Summary of Functionality

Currently, the QM/MM implementation within ADF is based on a modified version [1] of the 'IMOMM' scheme of Maseras and Morokuma [2] (called the IMOMM/ADF scheme); alternatively, the recently developed AddRemove scheme [3] is available. The molecular mechanics code has been designed to be as flexible as possible, allowing for many levels of customization. As a result of this flexibility, operation of the program requires the user to have some experience with molecular mechanics methods. At the same time, ADF remains the main driver to control the simulation of the whole QM/MM system, since one of the objectives of the implementation has been to treat the MM subsystem as a perturbation to the QM system.

We summarize the current functionality and limitations of the implementation:

• Morokuma's IMOMM [2] QM/MM coupling scheme (IMOMM/ADF).
• AddRemove [3] coupling scheme.
• AMBER95 [4] and SYBYL (Tripos) [5] force fields provided.
• Free form and modifiable force field parameter file.
• Ability to mix and match force field functions.
• Geometry optimization, linear transit and transition state optimizations (In these optimizations,
  the MM region is fully optimized between each SCF cycle or in other words between each QM geometry step).
• All ADF input 'styles' available (Cartesian, Z-matrix, mixed...).
• Any number of covalent bonds can cross the QM-MM boundary.
• Global optimization of the MM subsystem available (simulated annealing and grid search algorithms).
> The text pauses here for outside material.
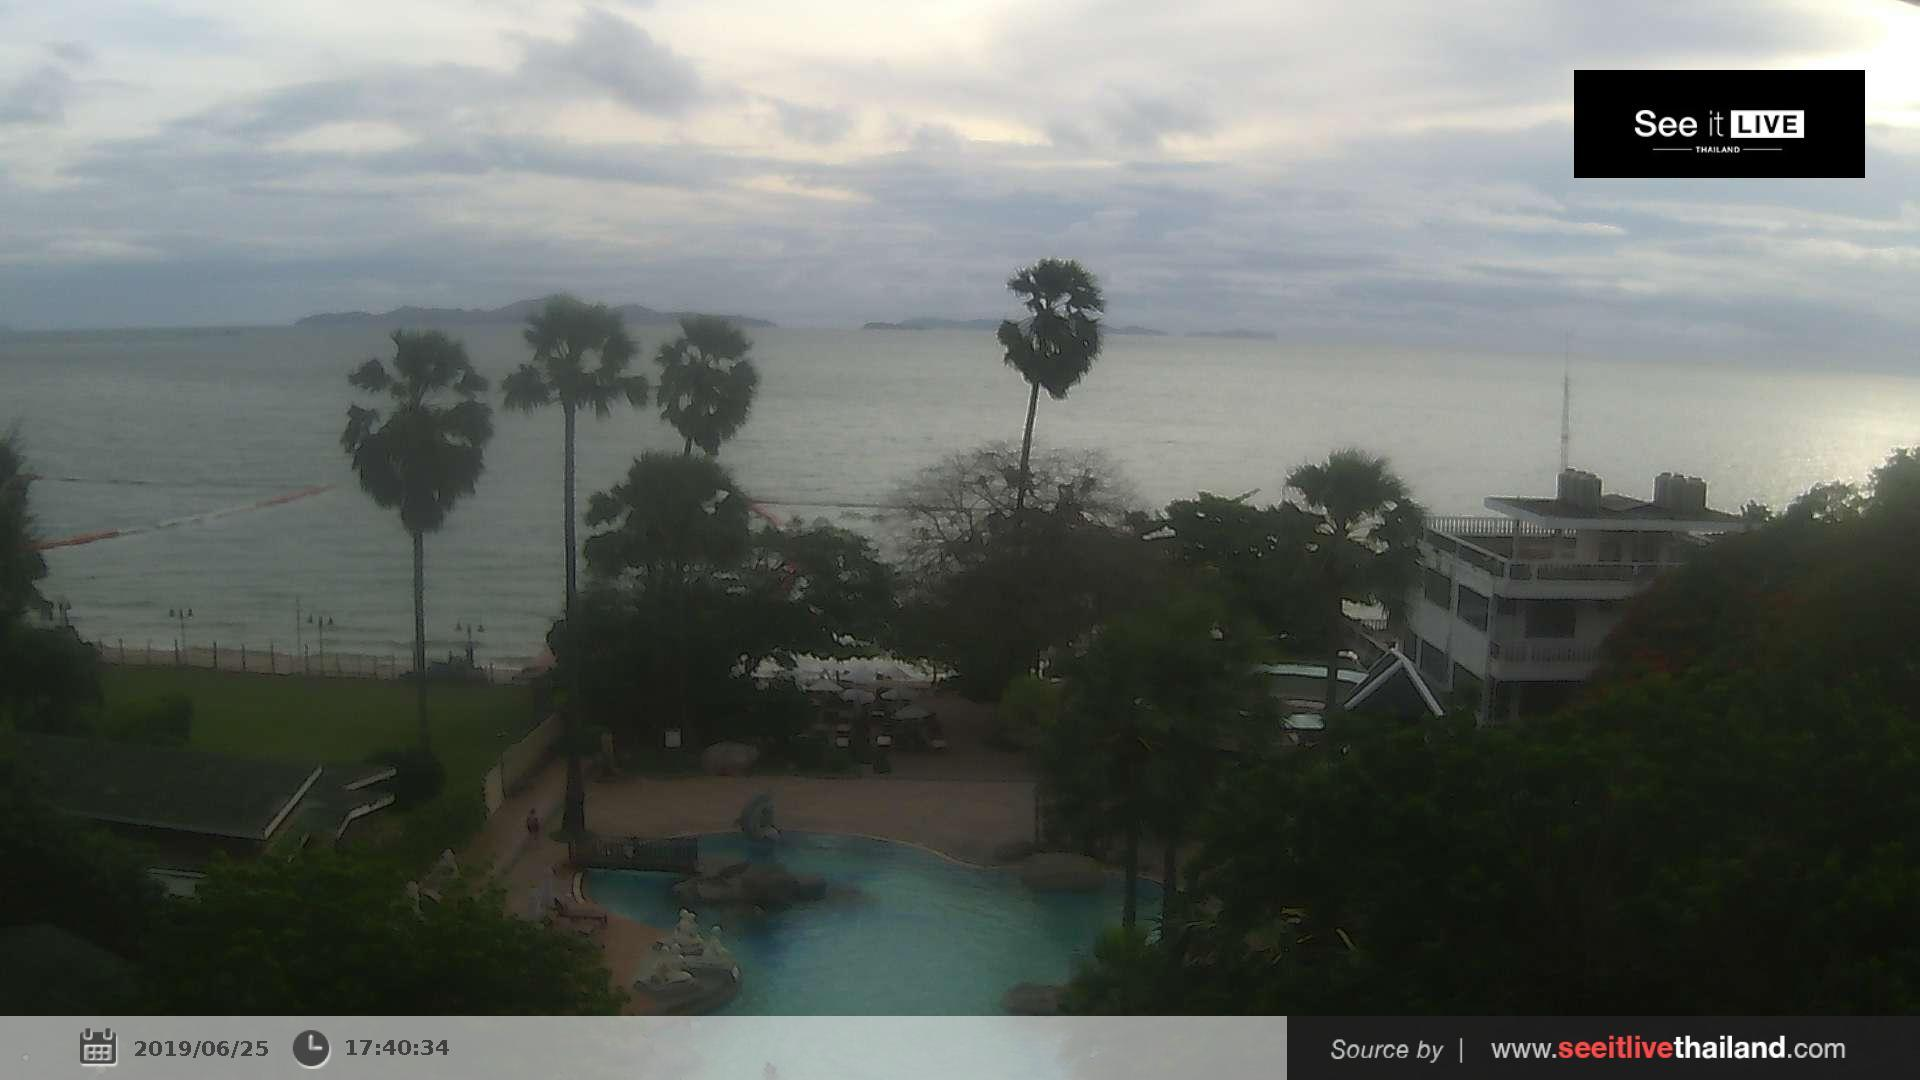 Webcam บ้านพัทยาเหนือ: Pattaya − Long Beach Garden Hotel
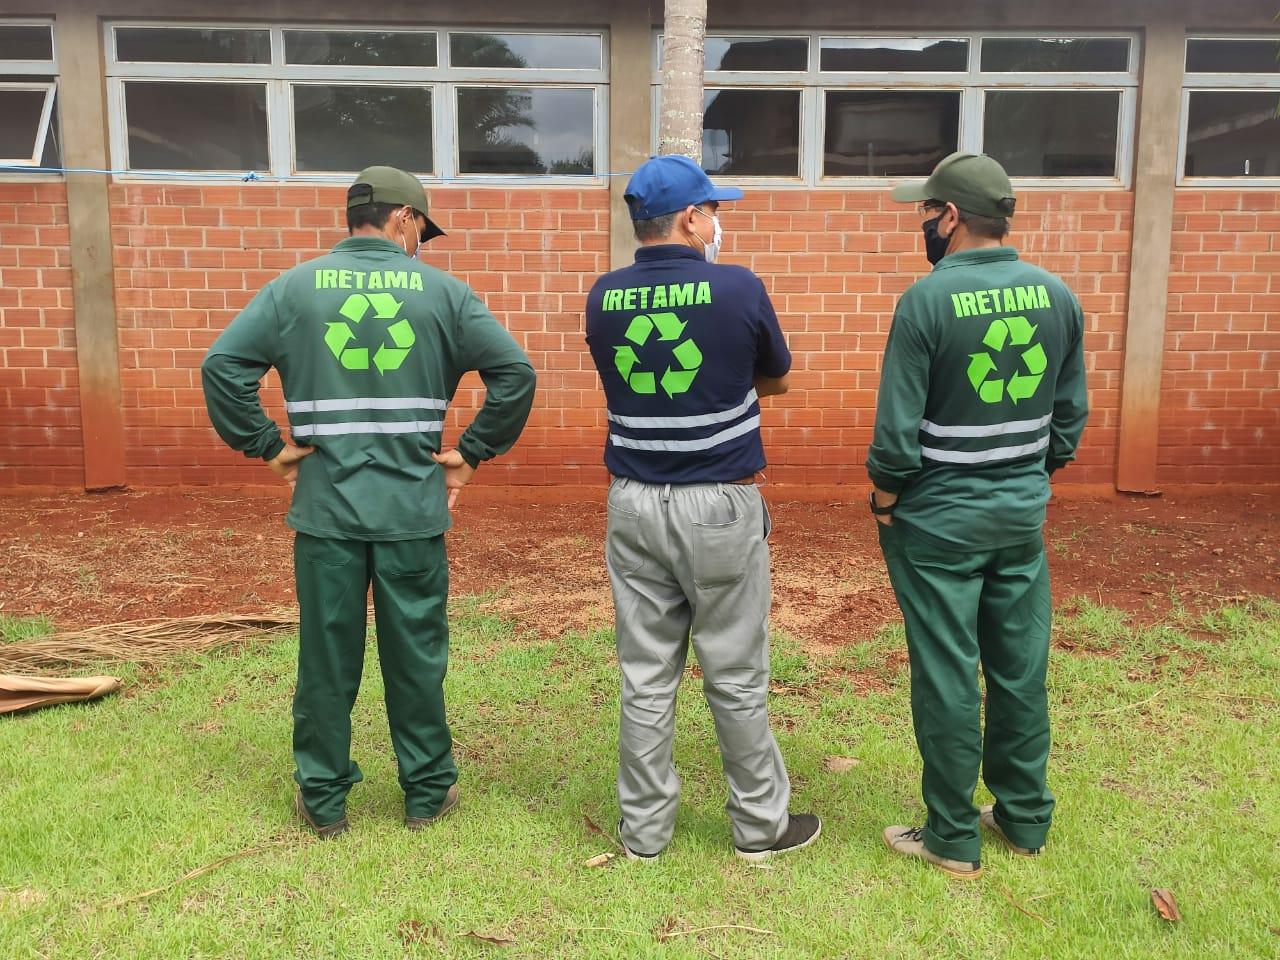 Entrega de Uniformes para os coletores de resíduos do Município de Iretama

Some notable limitations are:

• Symmetry constraints cannot be applied, unless the MM subsystem is frozen.
• Geometry constraints involving MM atoms are limited.
• Not more than one QM atom can be bonded to a single MM atom.
• Not compatible with some ADF extensions such as NMR, ESR, COSMO, IRC and excited states.
• The AddRemove model is available only when using Cartesian coordinates.
• The conjugate gradient optimizer is available only for Cartesian coordinates.